Human hearts on healing words . . .

Some words are powerful. I want God to ignite my words with a match made in Heaven so that they burn in the heart of everyone who reads them or hears them and become a furnace that spreads God’s warmth and light around the world.

I am a reader, writer, thinker from Nashville, Tennessee who asks “Why?” and “Why not?” and continually seeks ways to improve my life and to help others improve their lives. I like to look and think outside the box.

26 Responses to Human hearts on healing words . . .

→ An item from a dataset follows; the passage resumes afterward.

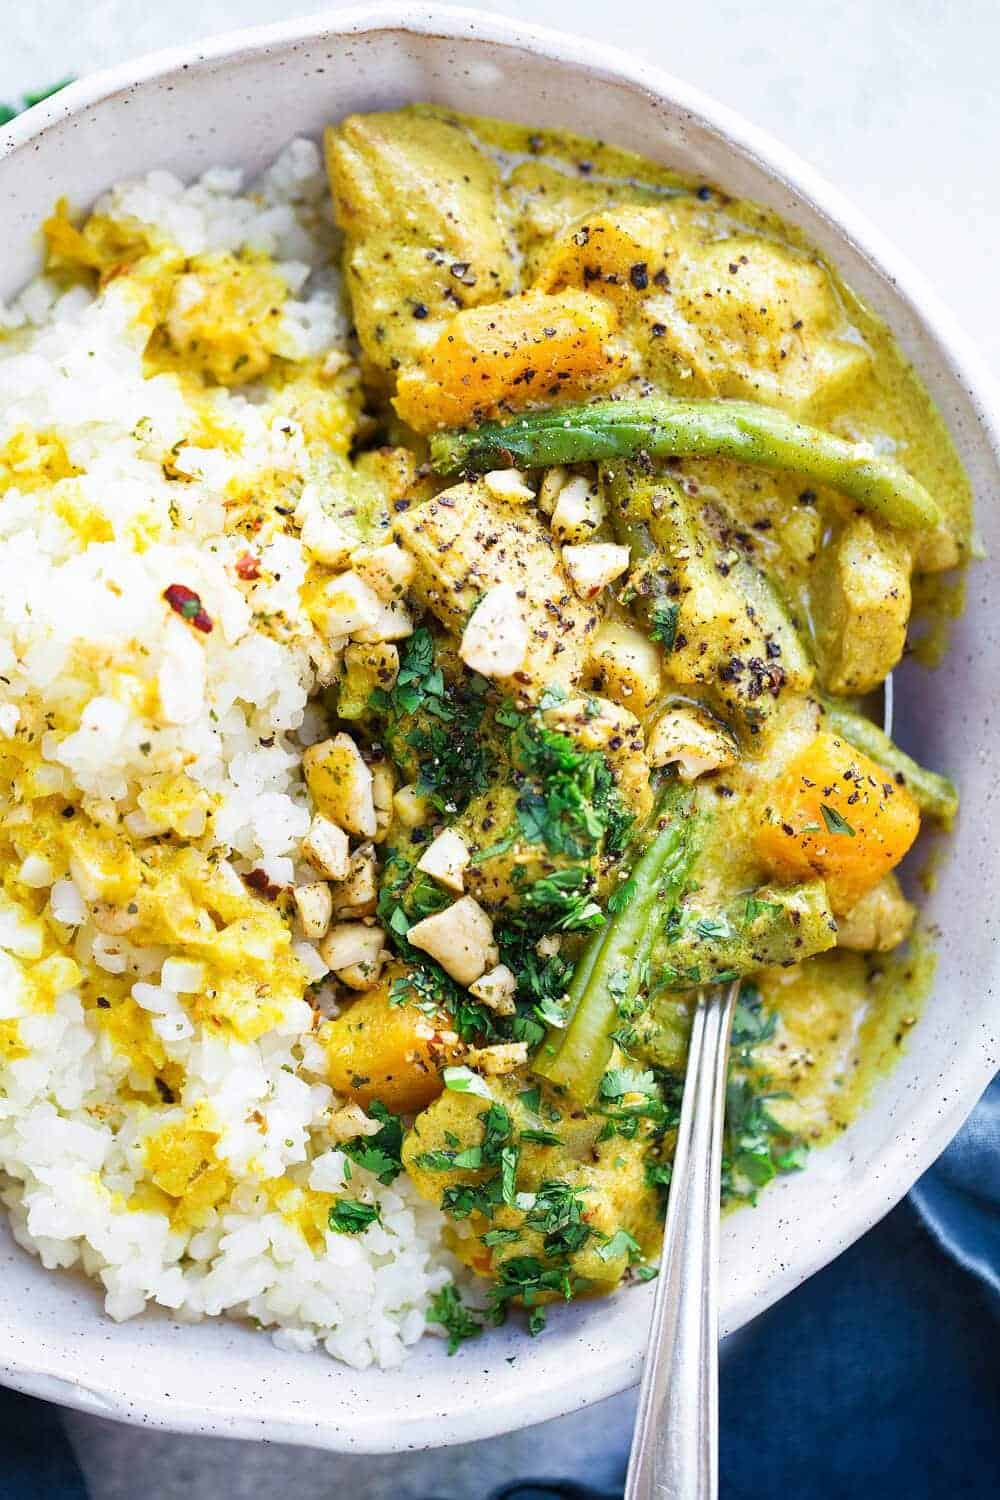 10 Minute Whole30 Curry easy whole30 dinner or lunch recipe- made with chicken thighs, butternut squash, cauliflower and greens… healthy and so easy! Easy Whole30 Curry. Whole30 curry recipes. Whole30 meal ideas. whole30 meal plan. Easy whole30 dinner recipes. Easy whole30 dinner recipes. Whole30 recipes. Whole30 lunch. Whole30 meal planning. Whole30 meal prep. Healthy paleo meals. Healthy Whole30 recipes. Easy Whole30 recipes. Easy whole30 dinner recipes.

  1. Brett C. Goodman says:

    I remember sitting and watching “Brother Sun, Sister Moon” with you @ Church in the Valley. How are you Steve? My wife Laurie and I are living temporarily in Plano,Tx where I am working as a Special Procedures Tech, at a local Hospital.
    I’m online thinking about christian brothers from my past and the Holy Spirit brought your name to remembrance. The magic of the Google search engine. Your love for the Lord and your sensitivity to others was a valuable grace that I saw in you.
    Our son Scott is coming up on 17 yrs of marriage this summer with 3 girls; 15 1/2, 14 & 10. Lindsay 34 has 2 girls and a boy 11,10 & 7.
    Our current contemporary influences are R.C. Sproul, Derek Thomas, John Piper and the writings of C.H. Spurgeon and the Puritans who preceded him. Please let me know how you are doing. Would appreciate hearing form you. Brett

    • Steve Simms says:

      Wow! What a great surpise blessing to hear from you Brett, and after so many years. I am in touch with Cameron Y., Paul Rapp, Tom Griner, and Eric Stovesand on facebook. I had a great time my two years in Reno. And Bro. Sun . . . is still my favorite movie of all time. I just watched it again about a month ago. That’s amazing to hear that your kids are grown and you have 6 grandkids. Check out my facebook page: http://www.facebook.com/steve.simms2
      My wife and I have planted a non-traditional church in Nashville for The Salvation Army. It has been amazing!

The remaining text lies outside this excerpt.